3. The method according to claim 1, characterized in that, In step S3, the representative text identifier is The text identifier with the smallest ID value in the corresponding cluster; the pooling aggregation operation is an average pooling operation.
4. The method according to claim 1, characterized in that, In step S5, the placeholder includes a first placeholder. The placeholder and the second placeholder are used to embed the user-shared static embedding vector and the item-shared static embedding vector in the prompt, respectively.
5. The method according to claim 1, characterized in that, In step S6, the whole word embedding mechanism is a genus All tokens with the same user ID or item ID are assigned the same whole word embedding vector to distinguish them from other non-ID tokens.
6. The method according to claim 1, characterized in that, In step S6, the cue distillation strategy specifically involves: during the training phase, simultaneously using the discrete cue and the continuous cue vector, and jointly training the continuous cue vector to learn task information; During the inference phase, recommendations are generated using only the learned continuous cue vectors.
7. The method according to claim 1, characterized in that, In step S1, the traditional sequence recommendation model is a sequence recommendation model based on a self-attention mechanism, and it is trained using only training set data to extract embeddings.
8. The method according to claim 1, characterized in that, In step S7, the loss function used for model training is negative log-likelihood loss, and the beam search algorithm used in the inference stage retains b candidate sequences to form a recommendation list.

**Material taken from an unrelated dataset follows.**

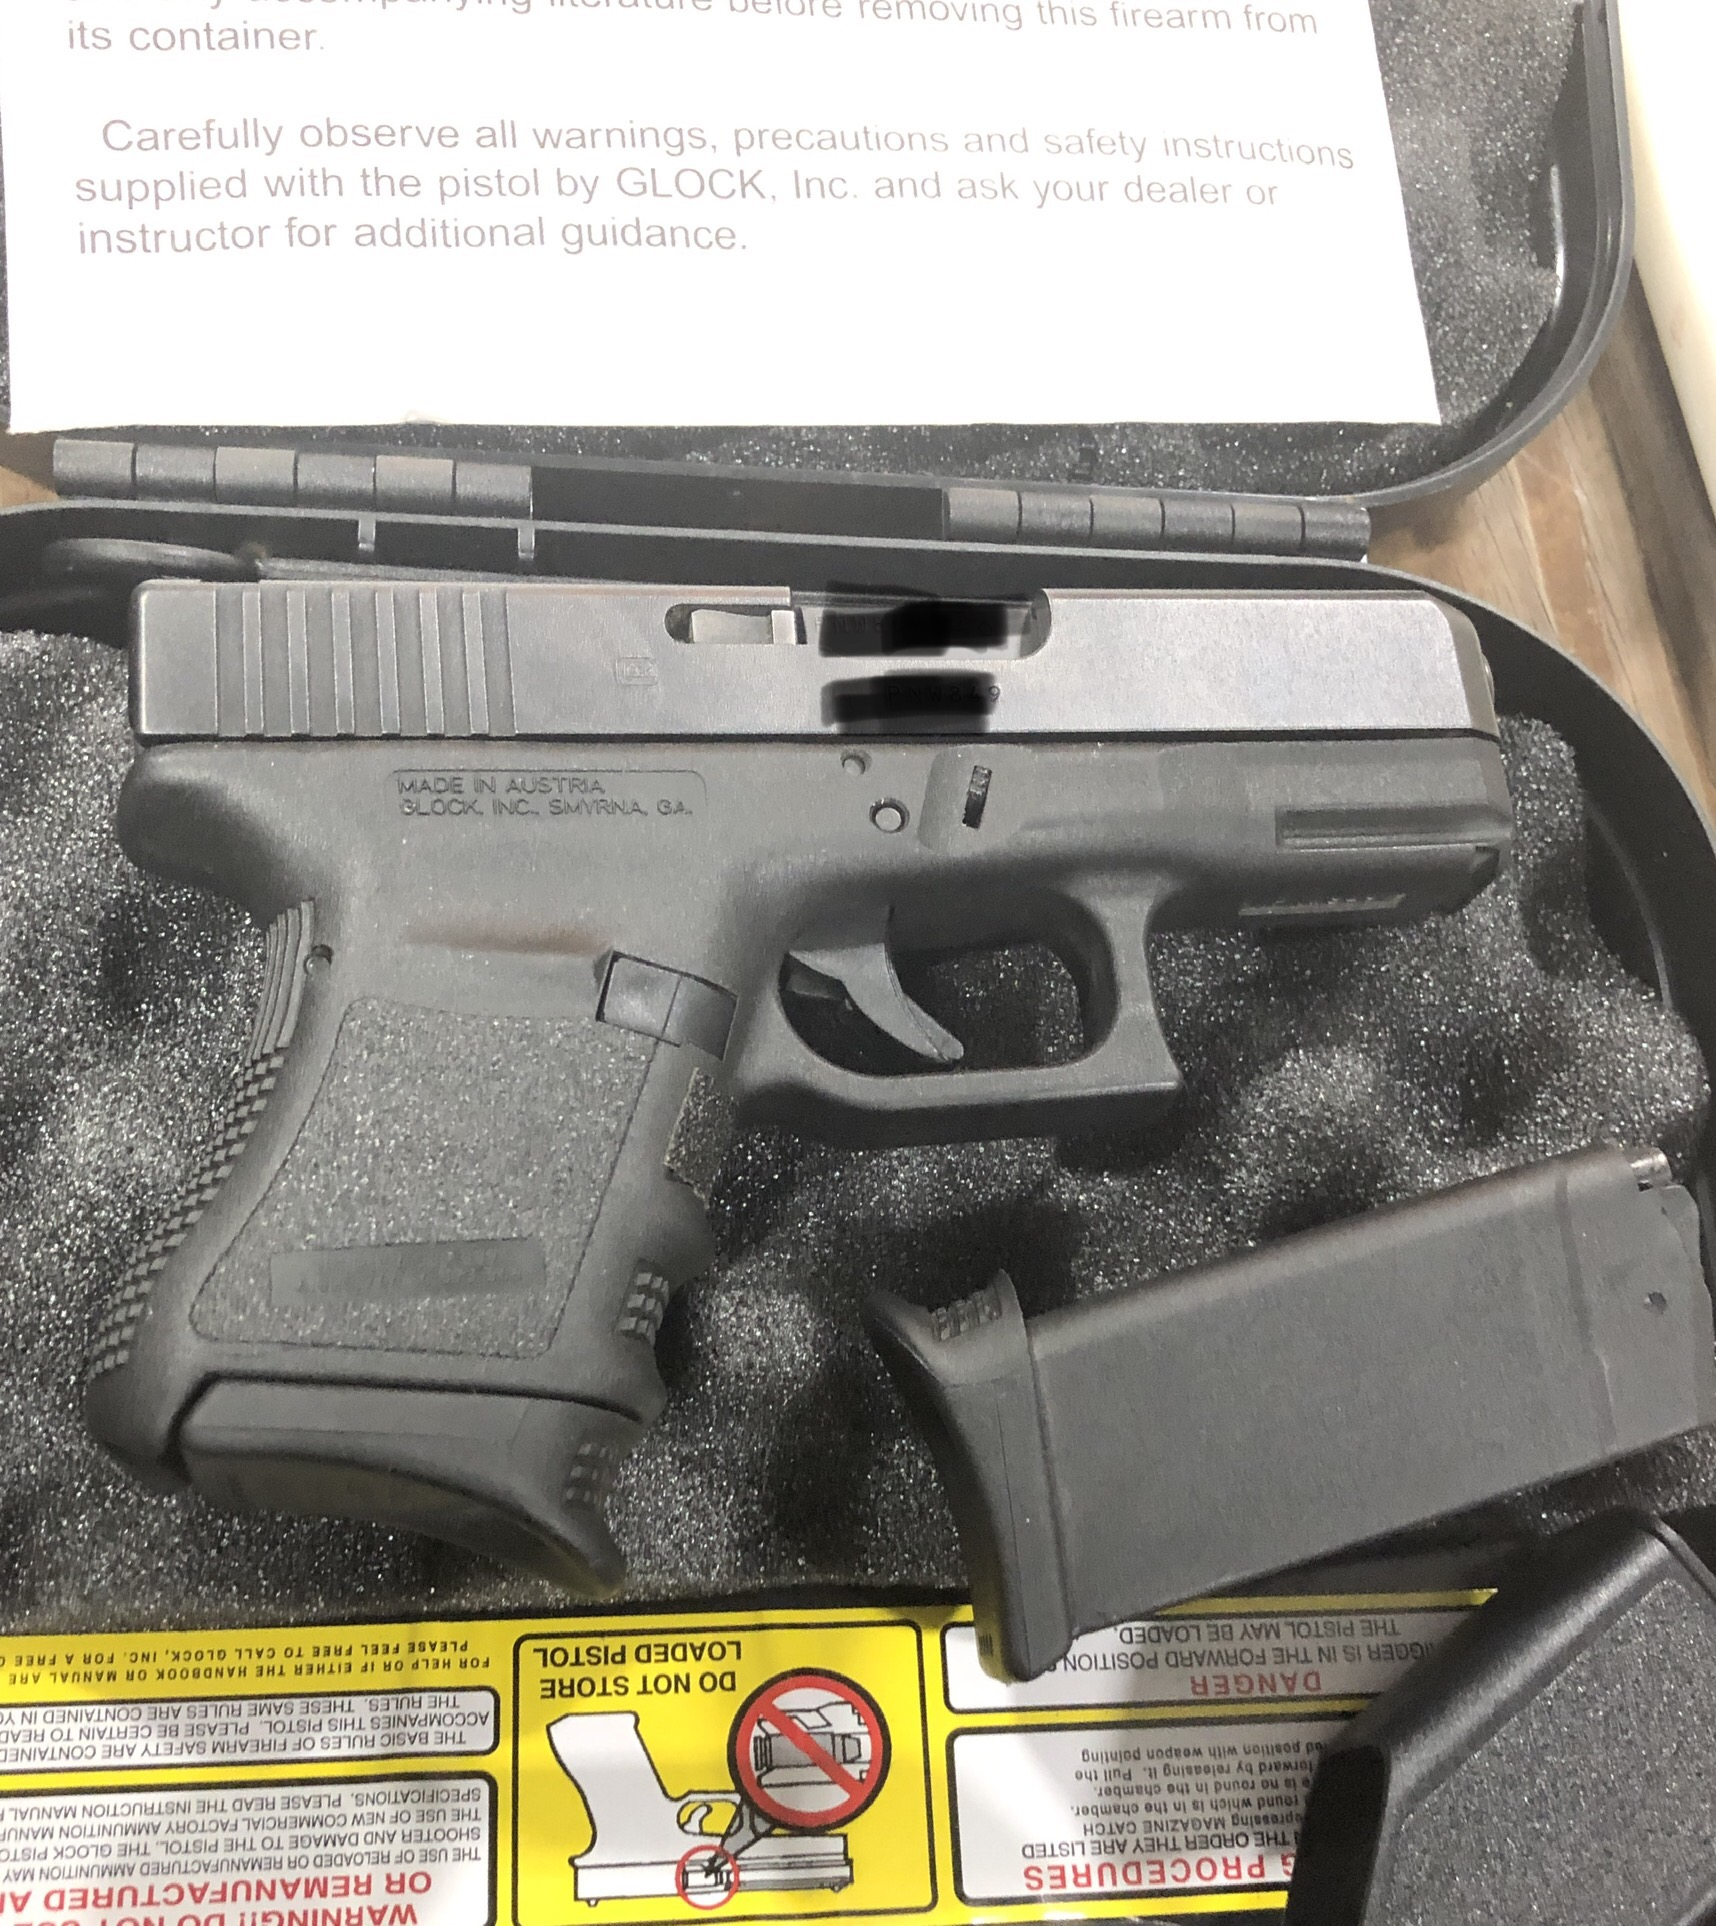 Glock Sights or just Sights!-4ee94174-a435-4130-89f5-fd5bc6b17078.jpeg

9. An electronic device comprising a memory, a processor, and a computer program stored in the memory and executable on the processor, characterized in that, When the processor executes the program, it implements the steps of the method as described in any one of claims 1 to 8.
10. A computer-readable storage medium having a computer program stored thereon, characterized in that, When the program is executed by the processor, it implements the steps of the method as described in any one of claims 1 to 8.